Charles Schulz, Head of the Department of Psychiatry at the University of Minnesota Medical School, has a long-held interest in the early stages of schizophrenia, beginning with his work with imaging in adolescents with the illness. In this Webinar, Schulz will discuss a multimodal MRI sequence performed in a pilot study with the MIND Research Network to examine differences between first-episode patients and controls, as well as to patients who have had the illness for many years. His colleague, Michael O’Sullivan, will discuss the utility of family psychoeducation to help support parents whose son or daughter has come down with the illness. He will present information on the parents’ response to treatment.

At the conclusion of the Webinar, Schulz, Kane, and Cornblatt will briefly discuss organizations related to their work and the goals of their societies and meetings.

Comments on Online Discussion
Comment by:  L. Kola Oyewumi
Submitted 27 July 2010
Posted 28 July 2010

Thanks for this timely live discussion. Clinical care and research in the early phase of schizophrenia are interesting but challenging.

Many patients with a first episode of psychosis (FEP) present with an associated history of substance use/abuse, particularly marijuana, which has been linked with increased risk for schizophrenia. These patients and/or their caregivers are unable to date the onset of psychotic symptoms and the beginning of "excessive substance use" even after psychosis has cleared with treatment. This makes a clear diagnosis difficult at first presentation, despite the clinician's knowledge of the various criteria for drug-induced psychosis and schizophrenia.

The questions are:

1. After how long should you consider discontinuing antipsychotic treatment (APT), knowing that a diagnosis of schizophrenia may require longer-term or lifelong APT, whereas drug-induced psychosis, and brief reactive and schizophreniform psychoses may not.

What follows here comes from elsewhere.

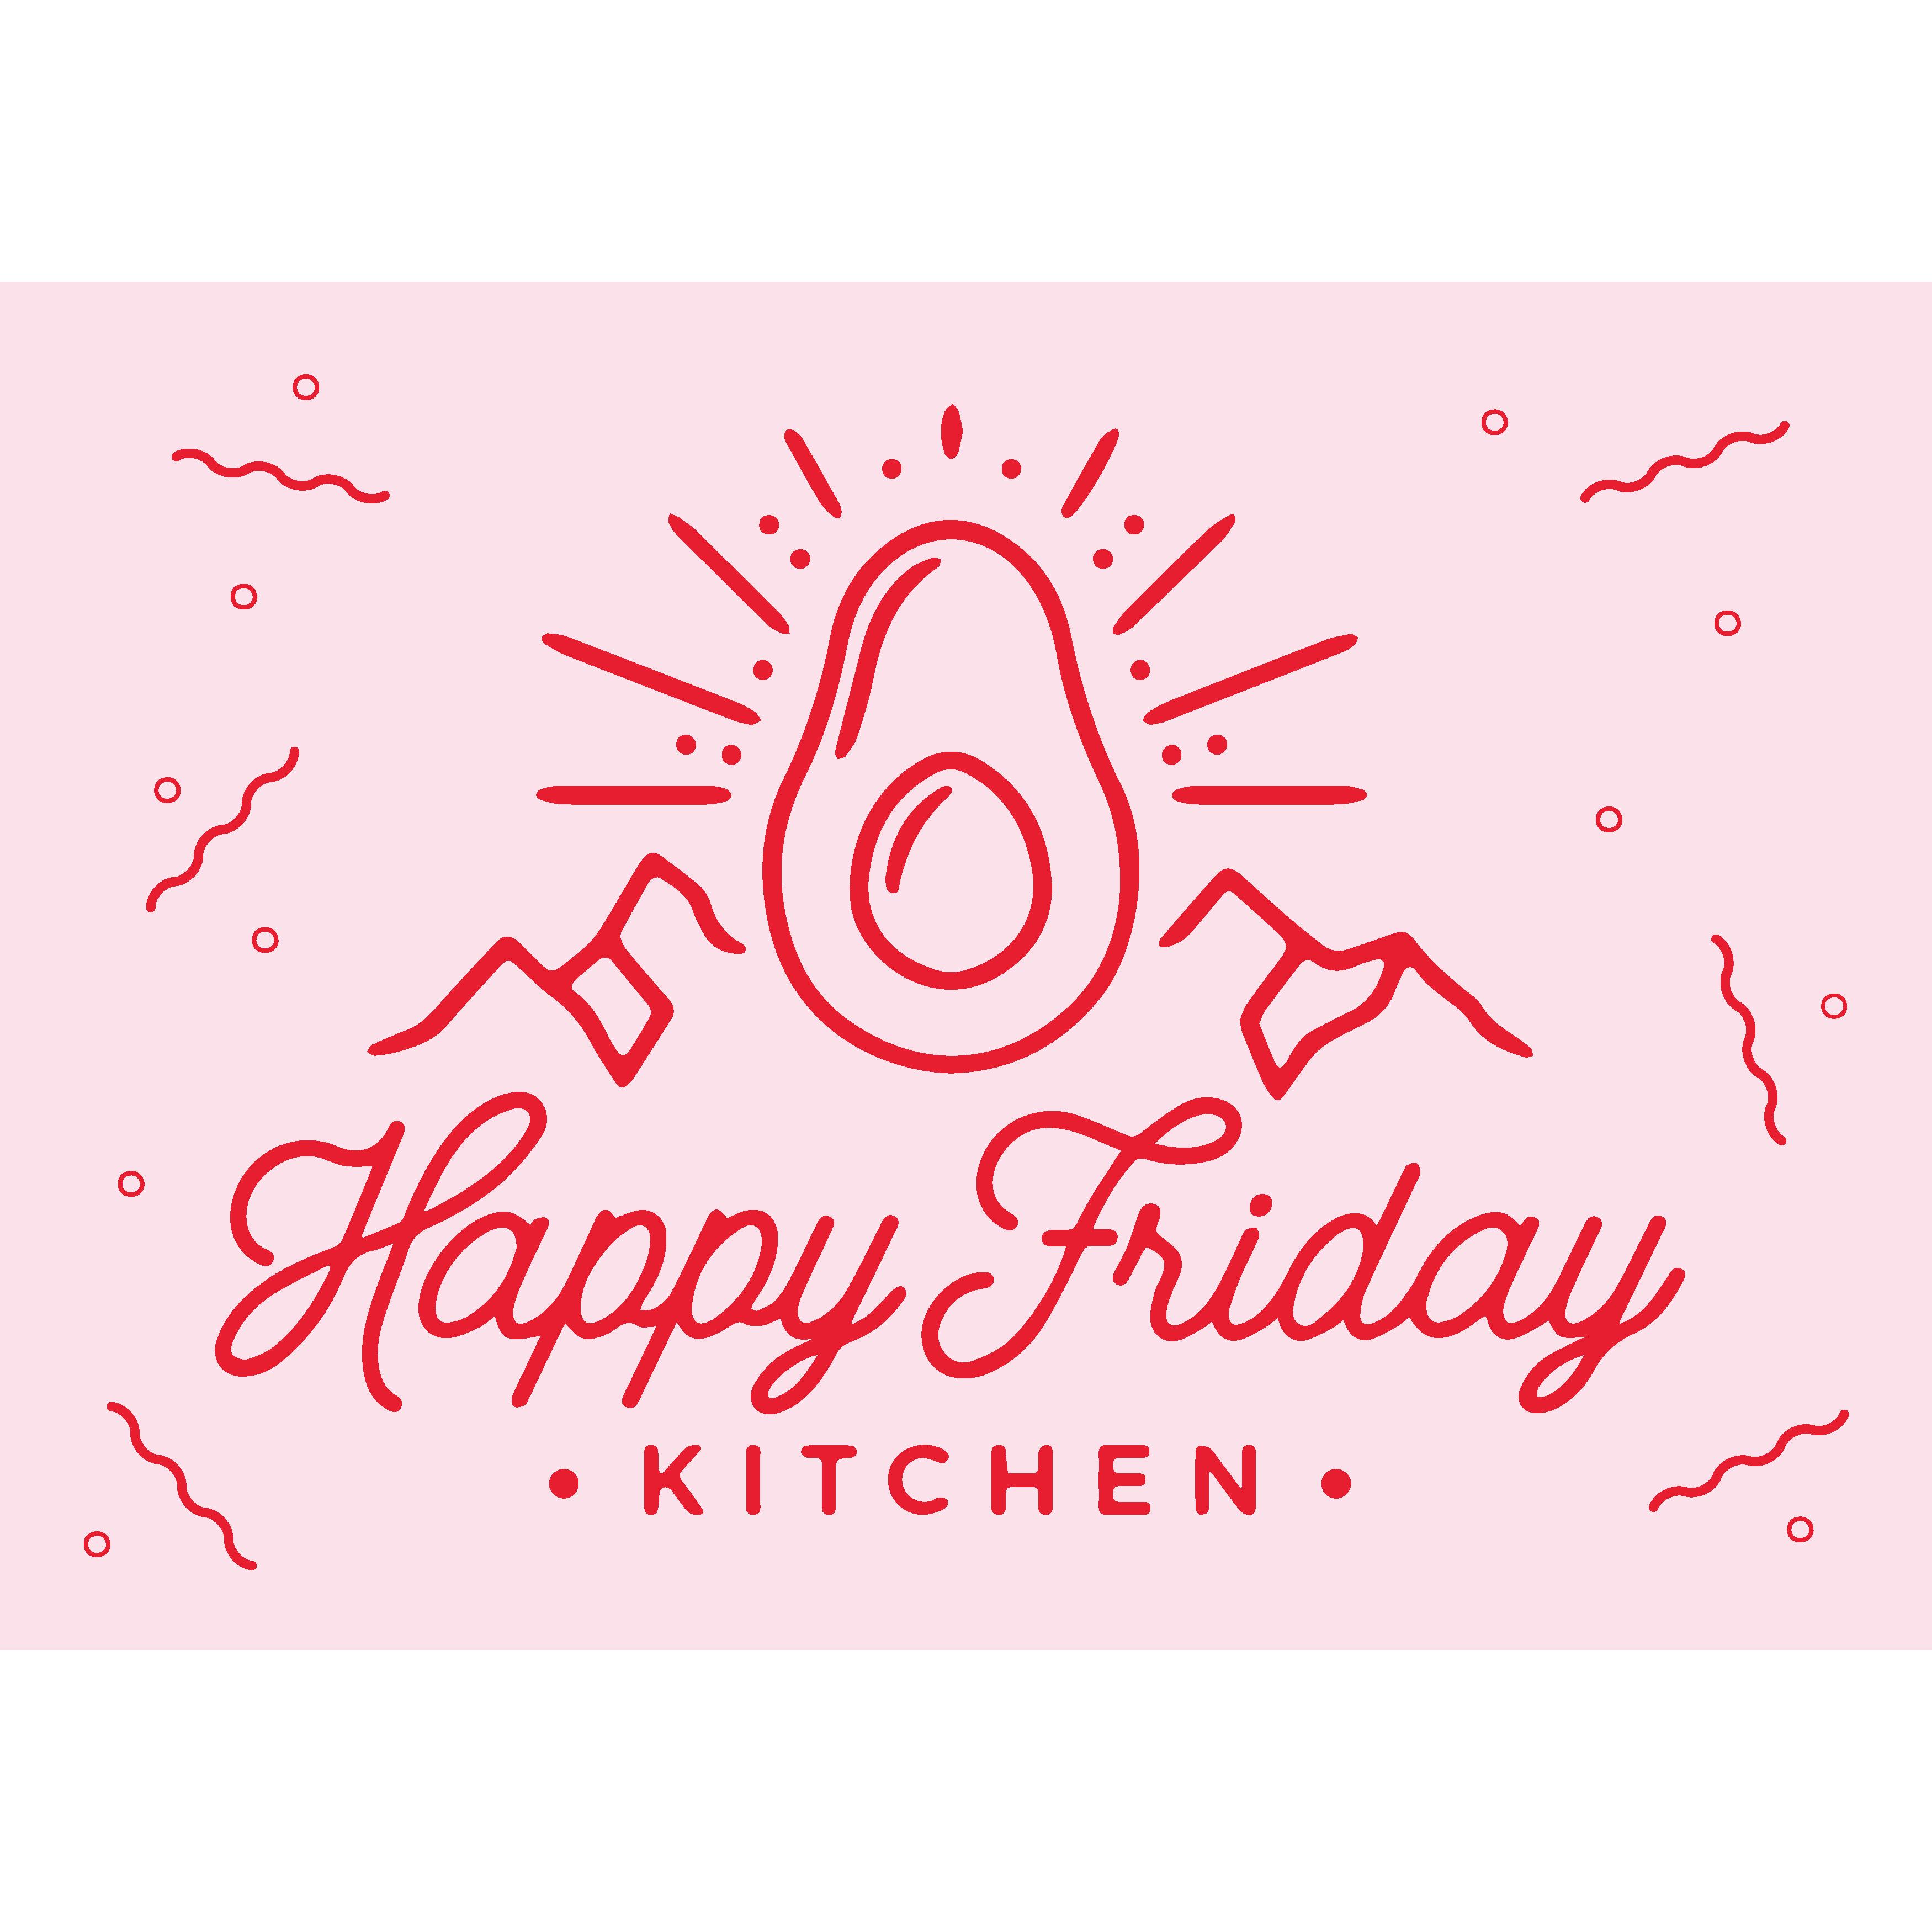 Happy Friday Kitchen

Many patients with FEP ask the question: How long am I going to take this medication?

2. All patients with an FEP may not convert to schizophrenia, and a good number get better with initial APT. Most patients and caregivers request a trial discontinuation of APT when in remission, risking relapse and functional decline if the patient has schizophrenia.

If they insist on stopping APT, our current approach is to provide education for early detection of relapse and to encourage continued participation in our program. This helps us with prompt treatment of relapse. It also gives us the opportunity to study "time to relapse" (TTR), an area difficult to explore with formal research because of ethical implications.

Do you have other suggestions?

View all comments by L. Kola OyewumiComment by:  Don Linszen
Submitted 28 July 2010
Posted 28 July 2010

Is a first psychotic episode program a necessary condition to detect people at high risk of psychosis?